Hendaki Perubahan, Warga Kuba Tuntut Reformasi

MONITORDAY.COM - Pandemi Covid-19 yang berkepanjangan berimbas pada lesunya ekonomi nasional kuba. Kondisi ini diperparah dengan pemadaman listrik disertai dengan kebijakan politik Havana yang tampak tak memberikan solusi.
Akibatnya, ribuan warga kuba turun ke jalan untuk melakukan protes dan melancarkan kritikan pedas terhadap Presiden Miguel Diaz-Canel agar melakukan reformasi kebijakan di seluruh sektor.
Alejandro, salah satu pengunjuk rasa yang ikut aksi menuturkan kepada BBC, seperti di kutip monitorday, Sabtu (17/7/2021) bahwa "tidak ada makanan, tidak ada obat-obatan, tidak ada kebebasan. Mereka tidak membiarkan kami hidup,"
"Banyak yang bertanya-tanya selanjutnya kondisi yang akan terjadi di negara kami seperti apa," tambah Alejandro.
Para pengunjuk rasa meneriakkan "kebebasan" dan "jatuhkan kediktatoran" dalam demonstrasi di seluruh Kuba, termasuk ibu kota Havana.

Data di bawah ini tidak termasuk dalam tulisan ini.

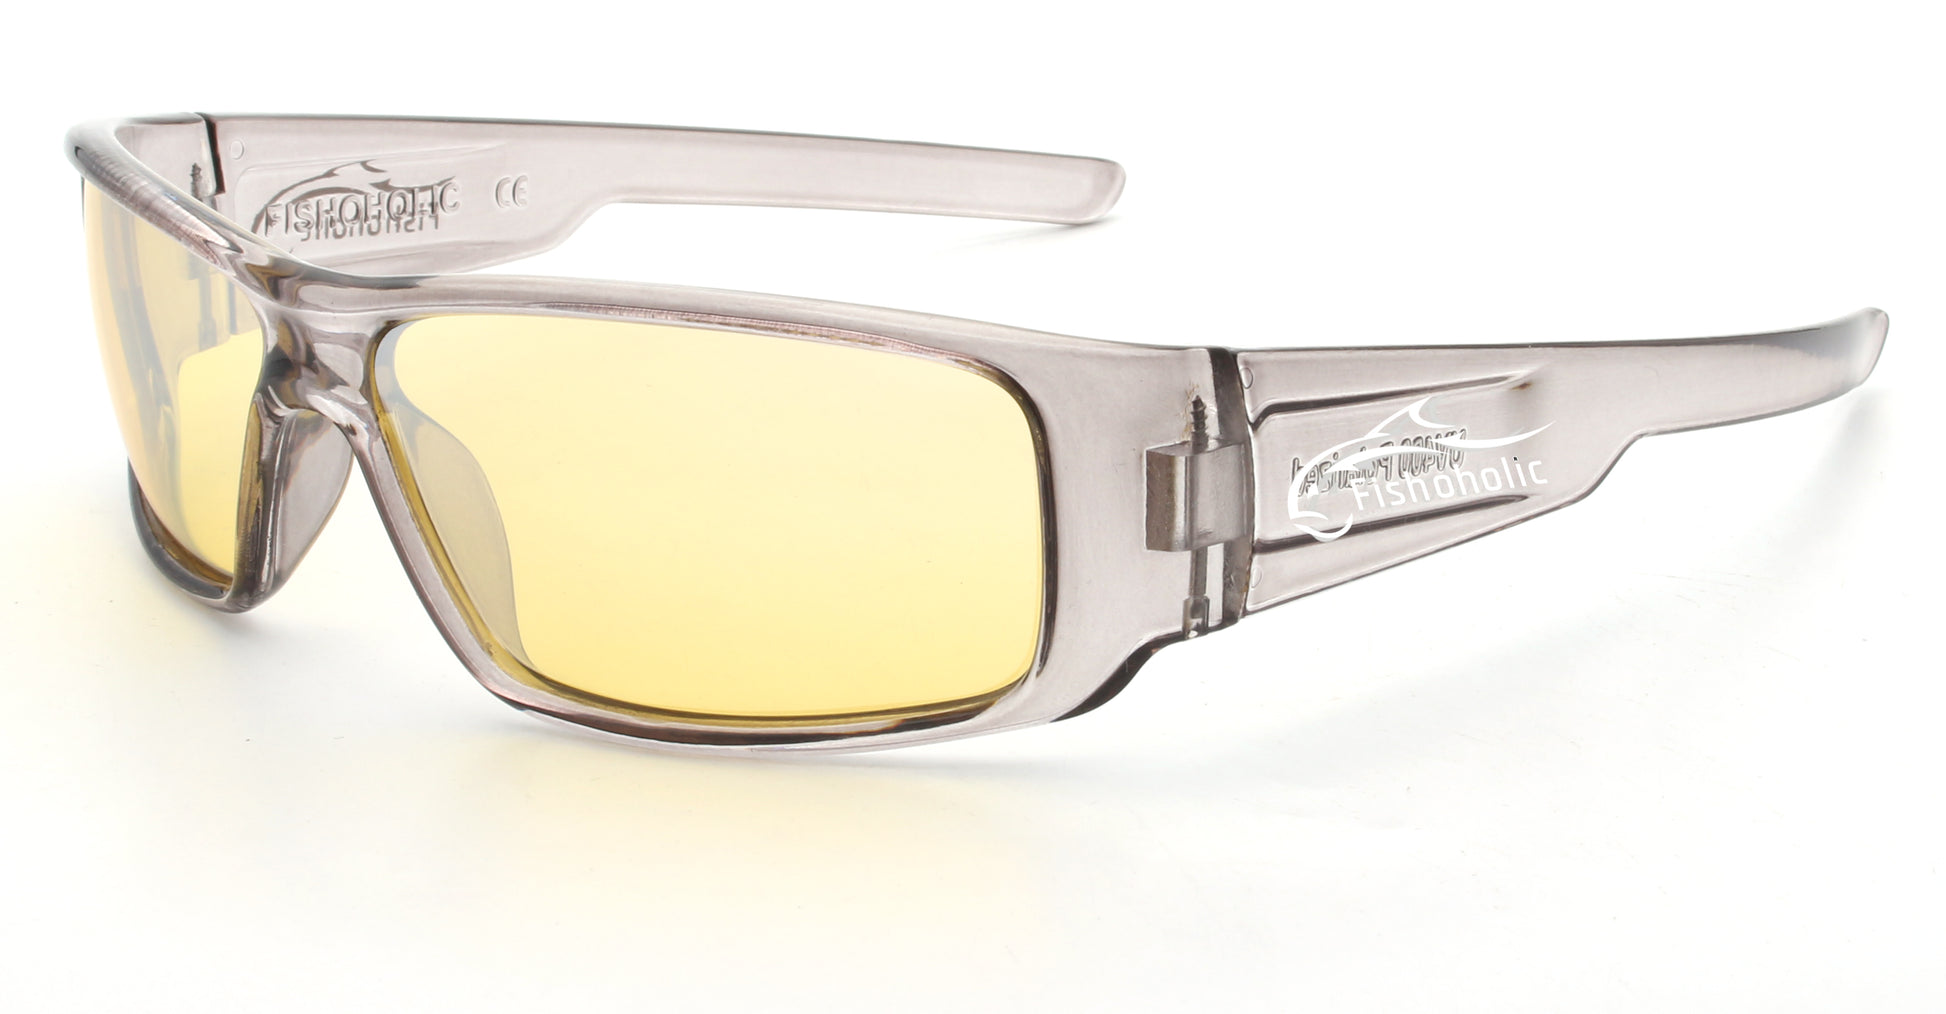 Fishoholic BLAST-OFF Sunglasses - UV400 Polarized Sunglasses w' Case

"Kami tidak takut. Kami menginginkan perubahan, kami tidak menginginkan kediktatoran lagi," kata seorang pengunjuk rasa yang tidak disebutkan namanya di San Antonio kepada BBC.
Menanggapi kemarahan publik Kuba, Diaz-Canel awalnya merespons dengan mencari aktor intelektual dibalik peristiwa itu.
Ia menuding Amerika Serikat (AS) sebagai biang kerok karena telah memberikan sanksi sehingga ekonomi di negara itu semakin tidak ada arah perbaikan. Belum lagi, pandemi dan kampanye media sosial oleh kelompok Kuba-Amerika yang ikut memperkeruh kondisi Kuba.
Tidak hanya itu, tudingan juga dialamatkan kepada pemimpin kuba sebelumnya yang mewarisi segudang masalah yang harus dipikul oleh pemimpin yang menggantikan mereka.
Sebagai langkah antisipatif, maka para menteri Kabinet Kuba mengumumkan berbagai kebijakan termasuk memberikan izin kepada swasta untuk mengimpor makanan dan obat-obatan tanpa batas.
Dikabarkan, pawai damai seraya menyampaikan rasa keprihatinan warga berubah menjadi kekerasan. Polisi justru menanggapi dengan pembubaran secara paksa, bentrok pun tak terhindarkan.
Warga mengaku berang karena kebebasan mereka menyampaikan aspirasi, malah dihadiahi aksi vandalisme dari aparat.
Mereka pun meluapkan kekesalan dengan menghancurkan mobil patroli, menjarah toko-toko, memecahkan jendela bangunan hingga lemparan batu pun terjadi.
Diketahui, 1 korban parah dari kericuhan tersebut dan banyak yang ditangkap aparat.
Komisaris Tinggi PBB untuk Hak Asasi Manusia, Michelle Bachelet, menyerukan kepada otoritas kuba agar membebaskan para pengunjuk rasa yang dipenjara.